- Data provided:
---+---
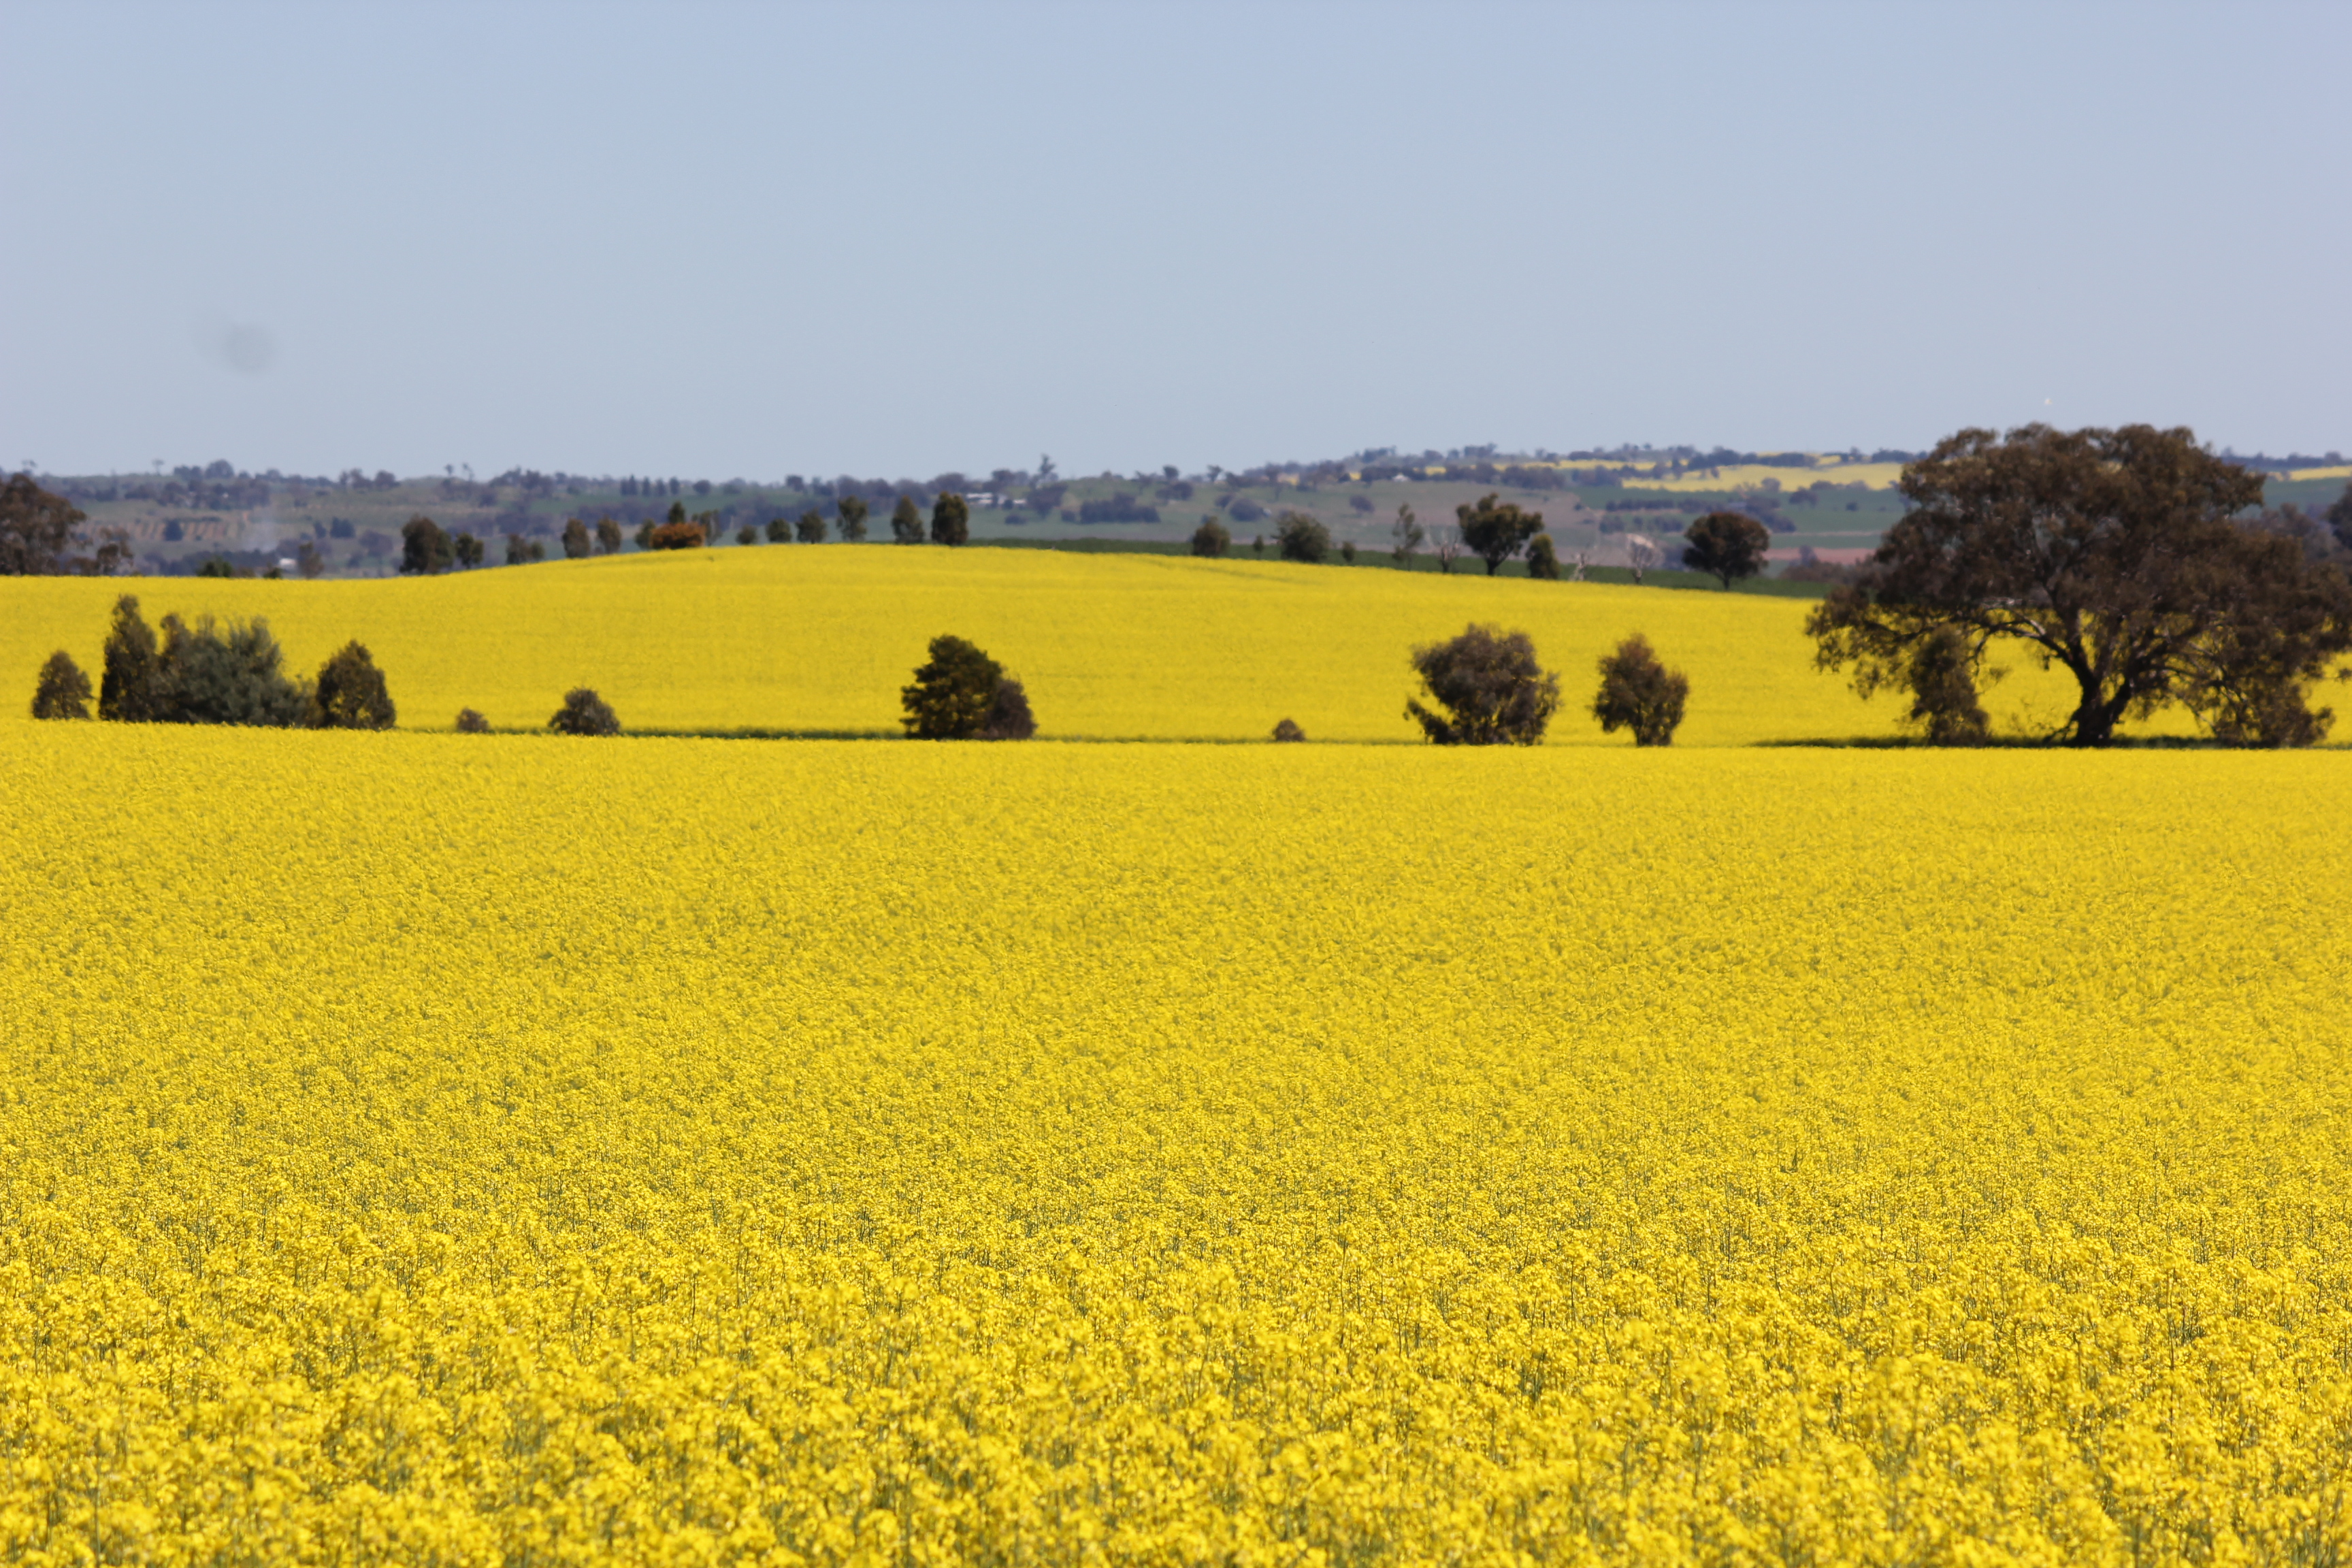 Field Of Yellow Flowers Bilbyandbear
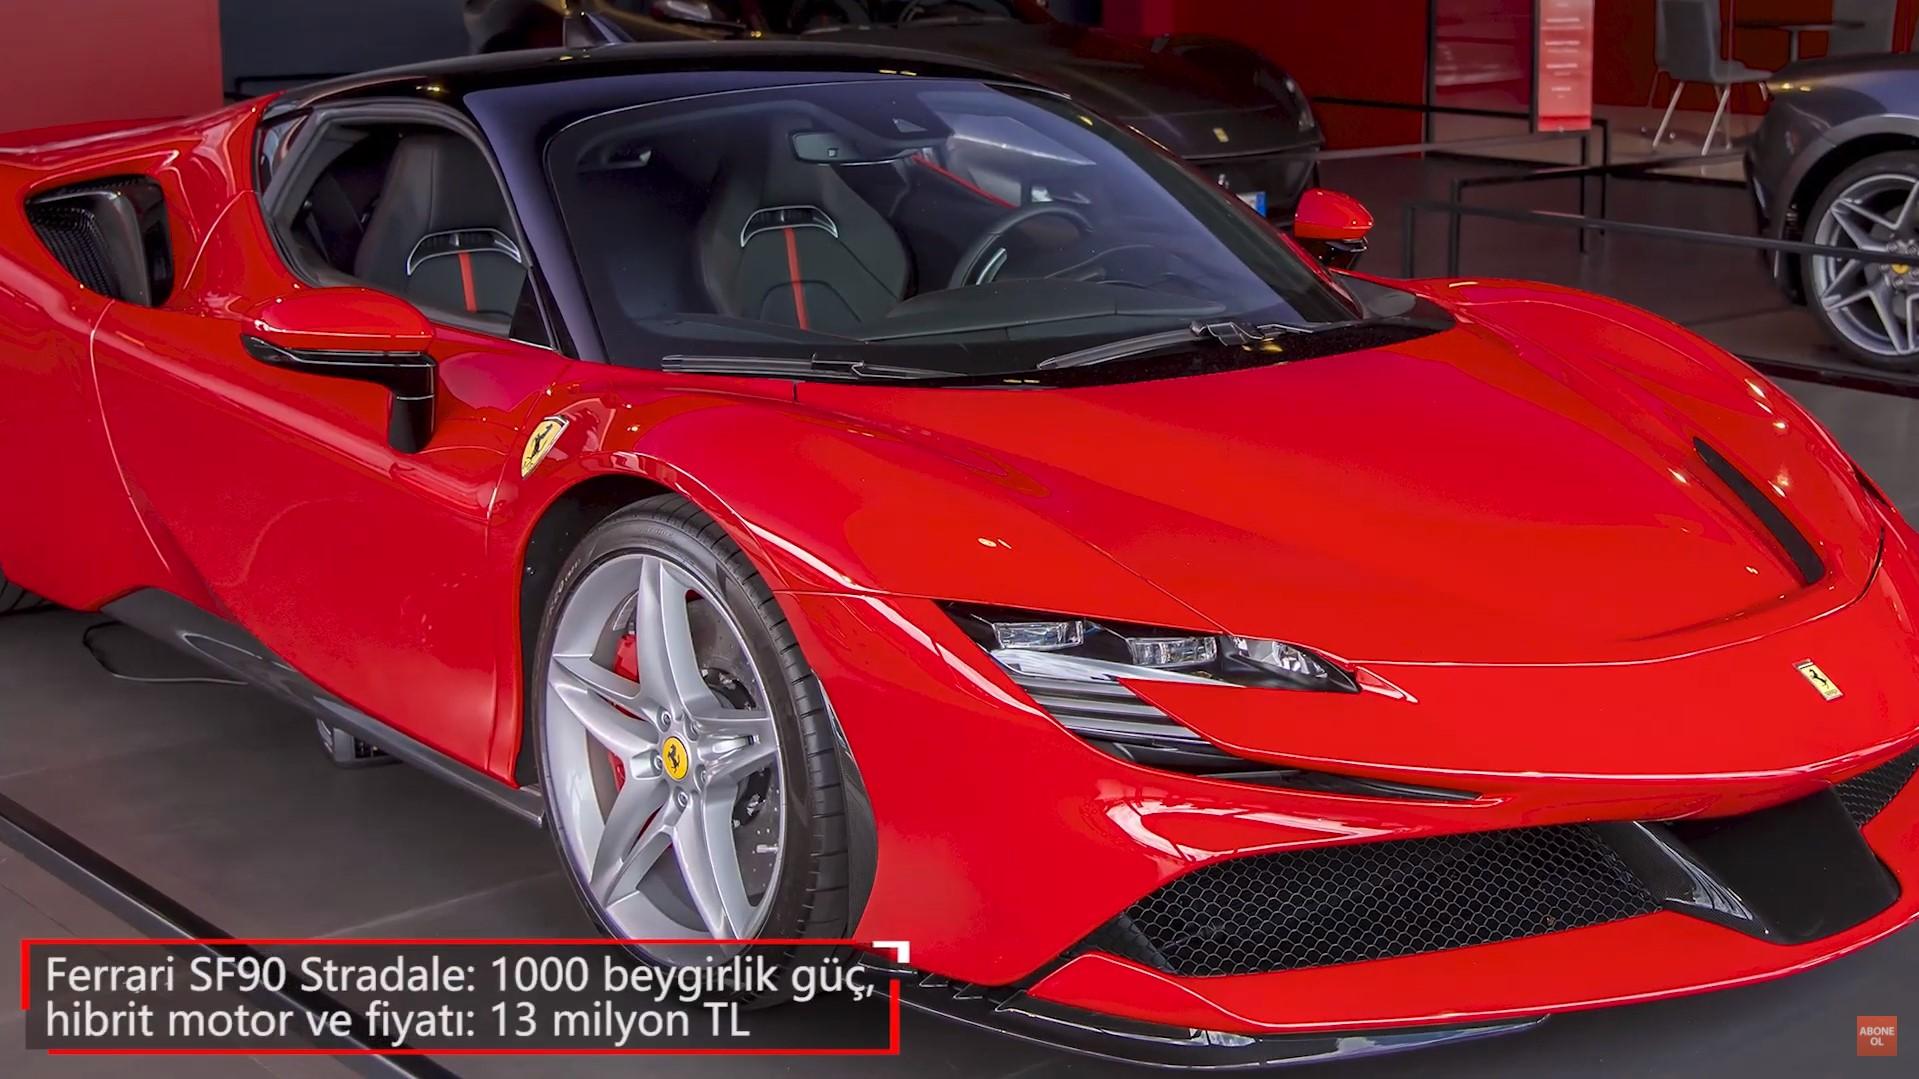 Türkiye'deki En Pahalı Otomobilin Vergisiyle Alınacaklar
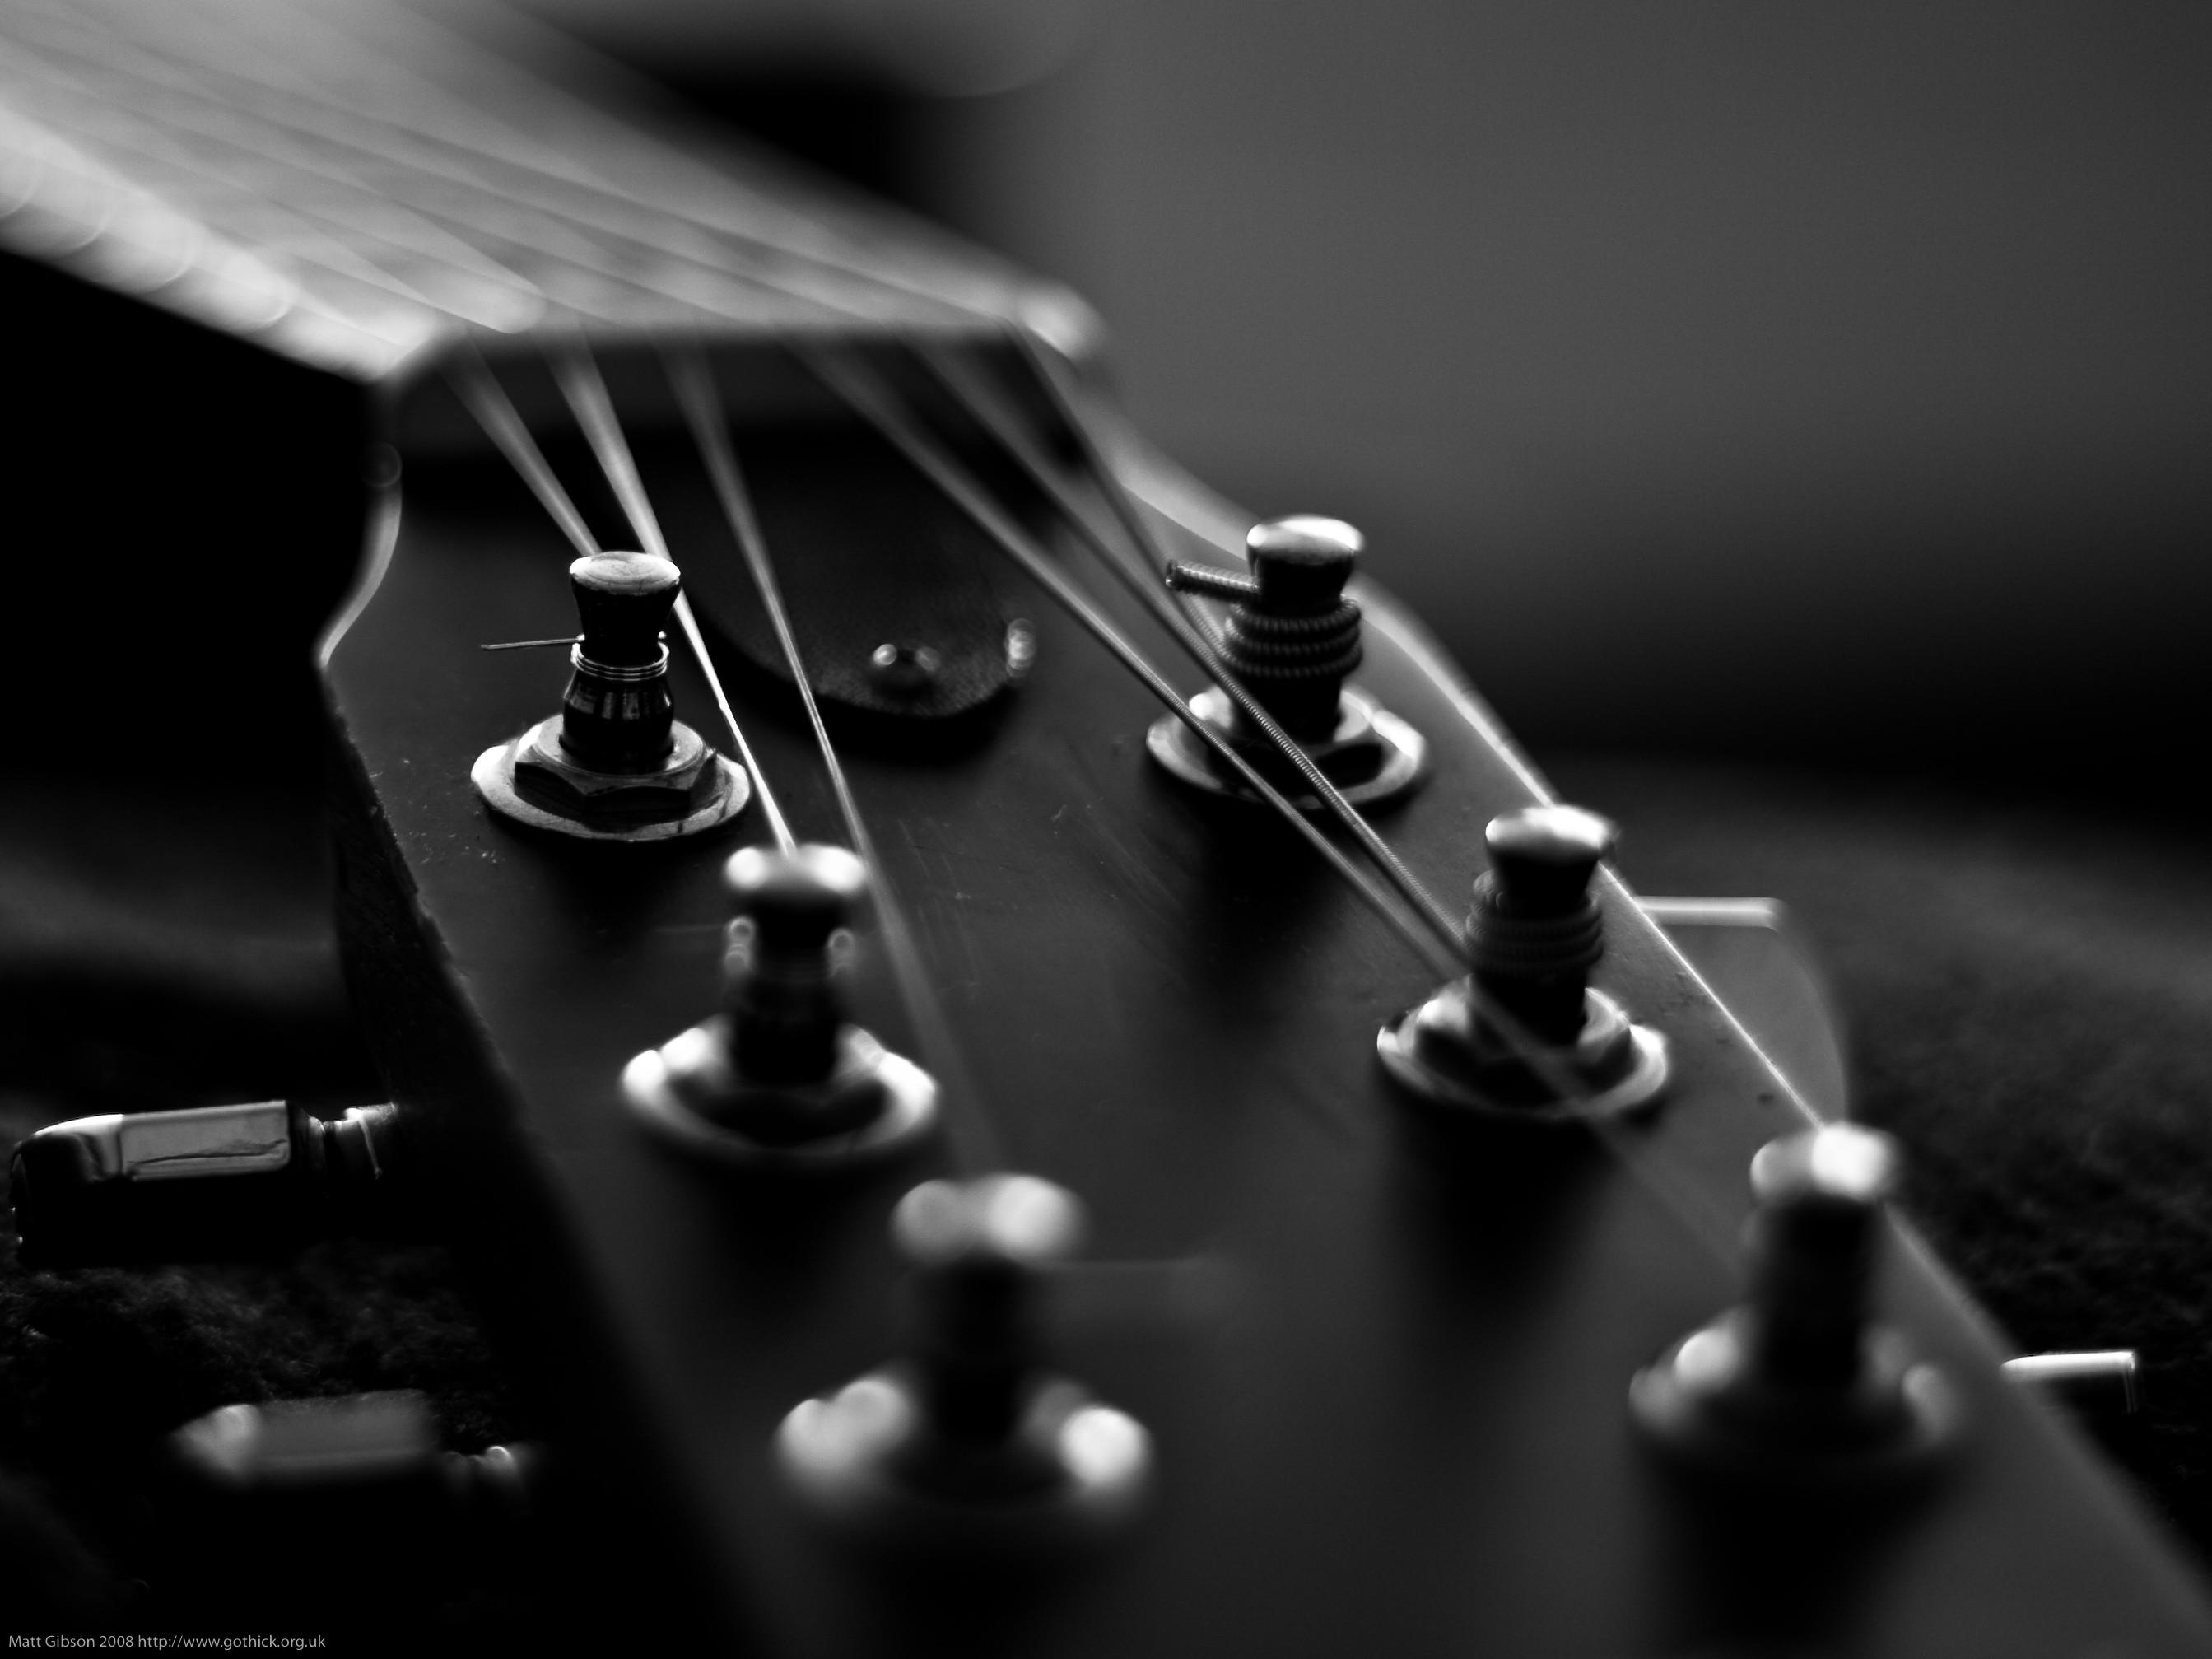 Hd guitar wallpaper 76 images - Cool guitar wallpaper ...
---+---
Set down the full listing above with its wording unchanged. Leave out its images.

 Field Of Yellow Flowers Bilbyandbear
 Türkiye'deki En Pahalı Otomobilin Vergisiyle Alınacaklar
 Hd guitar wallpaper 76 images - Cool guitar wallpaper ...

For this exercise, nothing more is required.